China Parched By Worst Drought Of Century

June 16, 1994

AS the summer sun bakes the surrounding arid mountains, villagers here pace their days according to the arrival of the water truck.

Four times daily, a tanker full of water rumbles into this village of 2,000 people in the Beijing metropolitan area and dispenses two buckets for each household. Washing, watering, and cooking then resume until supplies run out, and the wait for the next water truck begins.

``If we take more than two buckets, other people won't get any,'' says Zhao Chun, who says villagers sometimes take donkeys to fetch water from the river over 10 miles away. More than 100,000 residents in the vicinity of Beijing face a daily scramble for water as China faces the most-severe drought of this century.

A rain shortfall of 60 percent to 90 percent is affecting the cities of Beijing and Tianjin and the provinces of Hebei, Shanxi, Shannxi, Gansu, and Shandong, and threatens the summer wheat harvest, according to officials.

Almost halfway through the rainy season, many areas have seen hardly a drop: Annual rainfall, which averages 24 inches, has plummeted to almost nothing since the beginning of the year.

The water shortage is dissipating reserves in Beijing's two major reservoirs, which are now at three quarters of their average level in the 1980s, and has reduced ground water in the city by more than one meter, according to Chinese press reports.
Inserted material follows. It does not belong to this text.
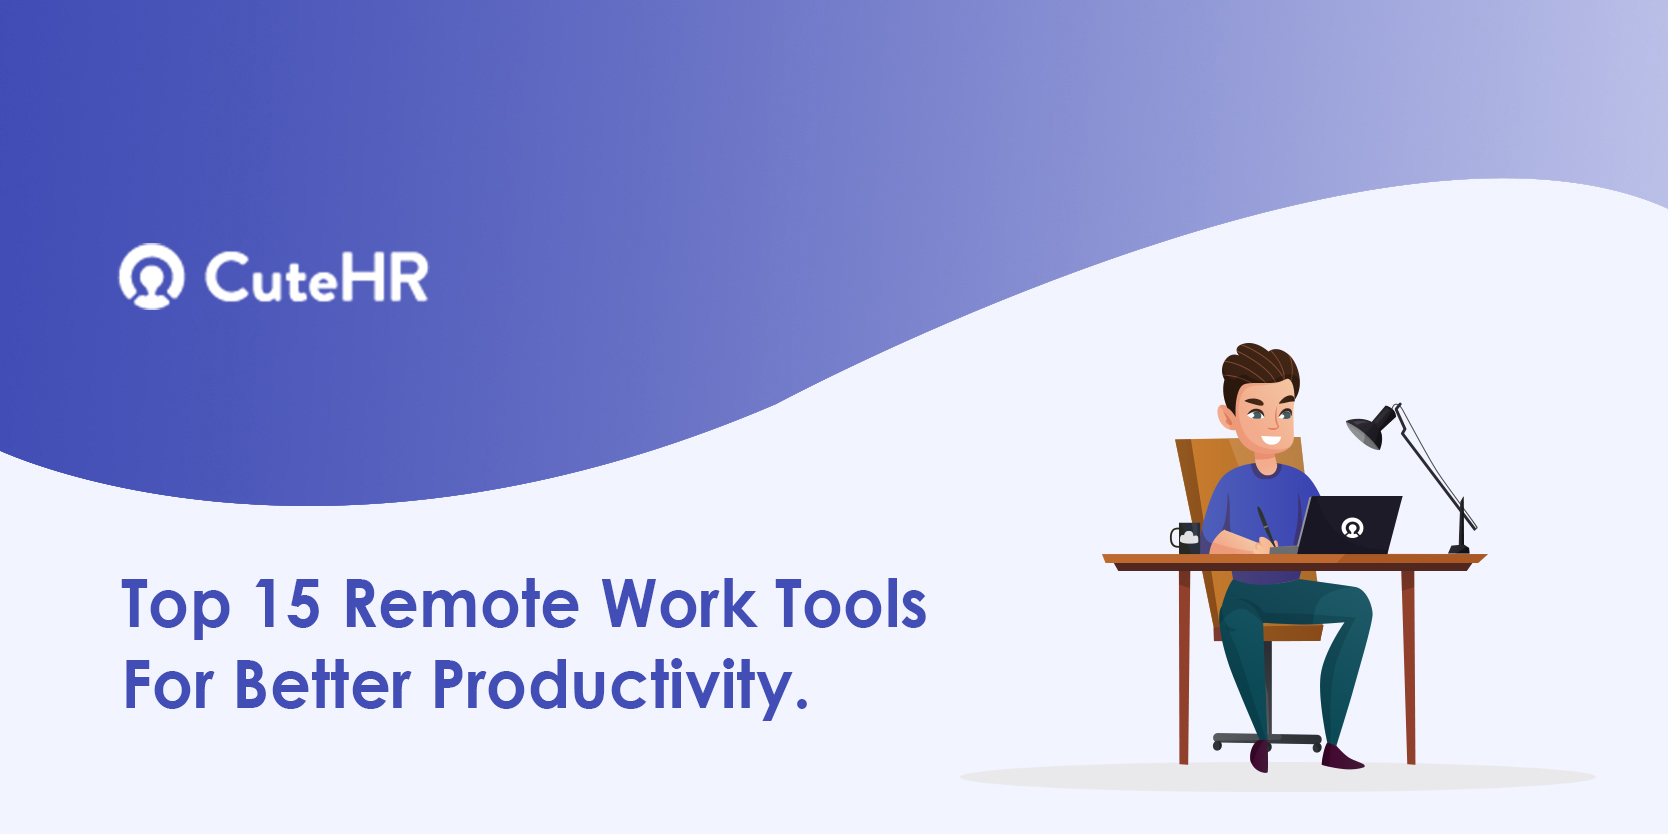 Top 15 Remote Work Tools For Better Productivity

``The capital city is rapidly reaching water scarcity.... The reserve of water will be used up in the next few years,'' says a Beijing water official, Teng Shutang, in the China Daily newspaper. ``Beijing would be at a standstill.''

The water crisis, which has also hit Guangdong, Sichuan, and other parts of southern China with the worst drought in 25 years, has brought emergency conservation measures and could trigger rationing in many cities before the end of the summer, officials have announced.

``They are grappling with major problems in centers with large and expanding populations and tight water supplies, like Beijing,'' says Daniel Beard, commissioner of the US Bureau of Reclamation, who visited Beijing and likens the problems in northern China to those of the American Southwest.
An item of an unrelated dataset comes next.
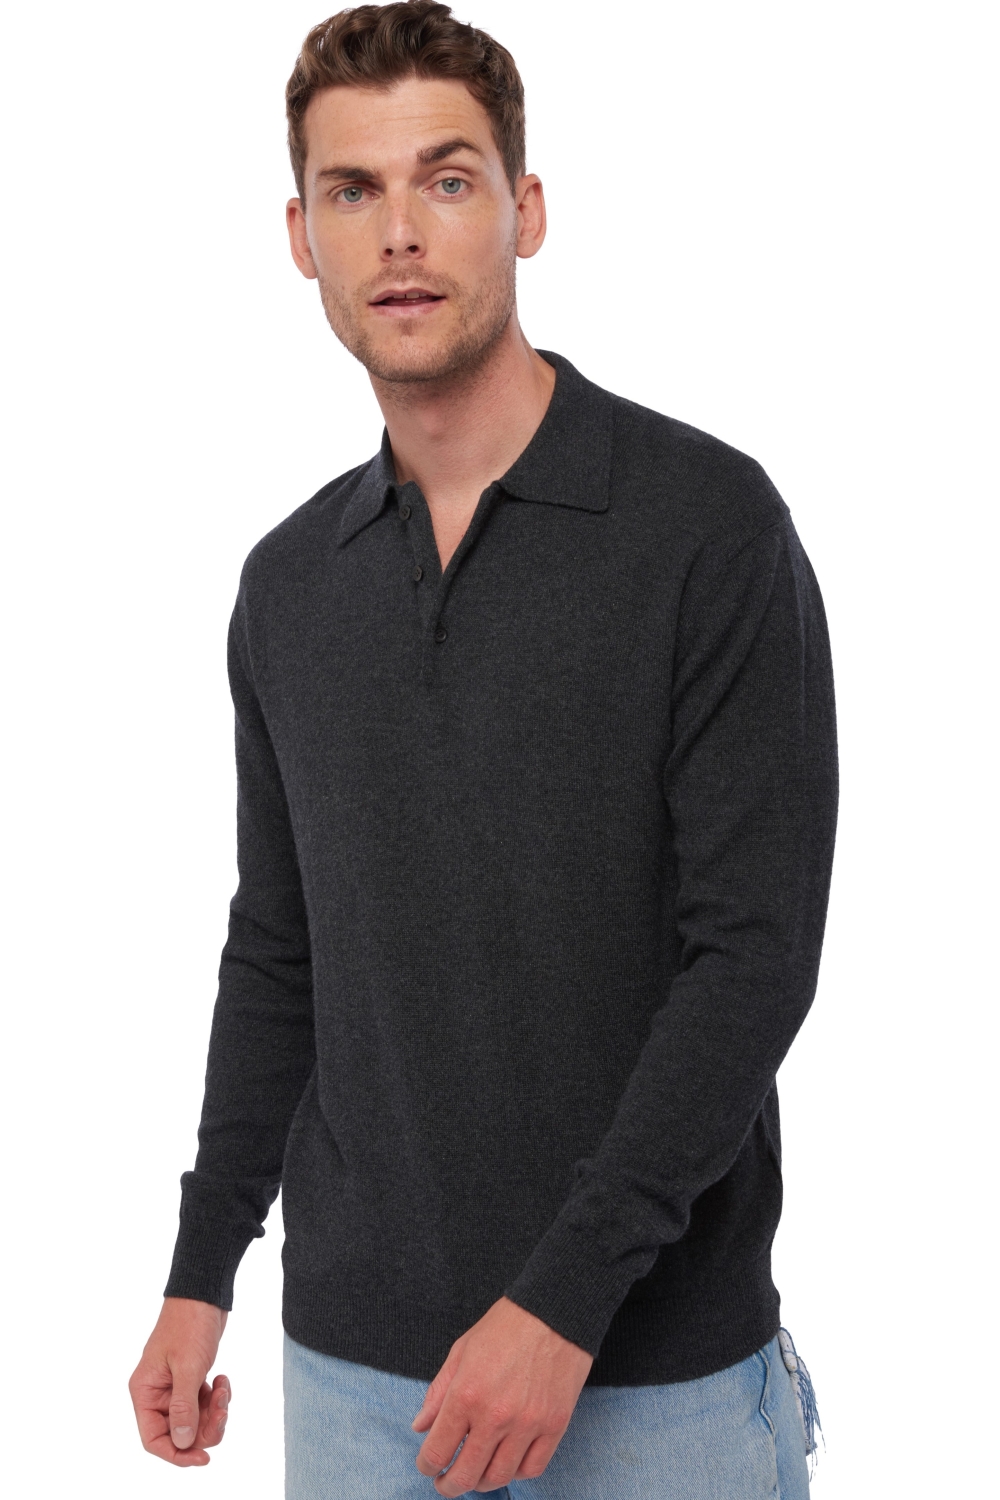 Cashmere men polo style sweaters alexandre charcoal marl 4xl

Water shortages will likely worsen. According to the New China News Agency, northern China's current shortage of more than 10 billion cubic meters a year (350 billion cubic feet) will grow to 40 billion cubic meters in 25 years.

Although for years water conservancy was geared to farming in this largely agricultural nation, economic reforms have refocused attention on the needs of industry and cities in sustaining rapid growth.

More than half of China's 570 cities are deficient in water, especially in the north, which has more than half of the country's cultivated land but only about 15 percent of the water.

Needs are also acute for 80 million farmers struggling to find water for their families, cattle, and crops. Last month, authorities warned northern farmers grappling with drought that the usual heavy rains in July could be more severe and create more serious flooding. Fearing that losses from floods could deepen simmering rural discontent, officials have called on local governments to improve inadequate flood-control measures.

BUT Western observers say to survive its water crisis, China will have to undergo radical reform in managing its water resources. Cities are caught in a vicious cycle of shortages and waste encouraged by the traditionally low price of water.

People's Daily, the official newspaper of the Communist Party, estimates that China will have to invest more than $20 billion in water conservancy by the turn of the century. But in Beijing, residents pay only four cents per metric ton of tap water, while the cost of supply to the city is more than double that.

The China Daily reported that leaky toilets are major culprits in water loss, causing the trickling away of 200 million cubic meters of water every year. Officials are urging the use of commodes made by only 10 Chinese companies and has appointed a committee on toilet leakage.

Chinese industries also have long been water spendthrifts, reutilizing only 50 percent of the water and using 10 times as much water to produce a ton of steel as in developed countries.

Agriculture is the least efficient water user. Farm irrigation accounts for 80 percent of China's total consumption, but huge losses result from backward methods of irrigation and leaks in canals. In some areas, officials are urging the use of water-saving spray irrigation systems.

The government says that diverting resources from the water-rich south to the arid north is the only long-term solution. Officials hope to build a $5 billion, 800-mile-long channel from the Yangtze River in the south to alleviate shortages in Beijing, Tianjin, and other key industrial centers. The project could channel more than 14 billion cubic meters of water annually. But officials are still arguing over the route, and experts say it would drain China's financial resources.

The US Bureau of Reclamation plans to send a team of experts to discuss possible technical assistance in the project, although Mr. Beard says it is unclear if the Chinese plan is feasible. ``The most difficult thing one can do in the water-resources field is interbasin transfers. It is politically charged and, if it can encounter problems, it will.... No interbasin transfer in the last 20 years has been accomplished easily,'' he says.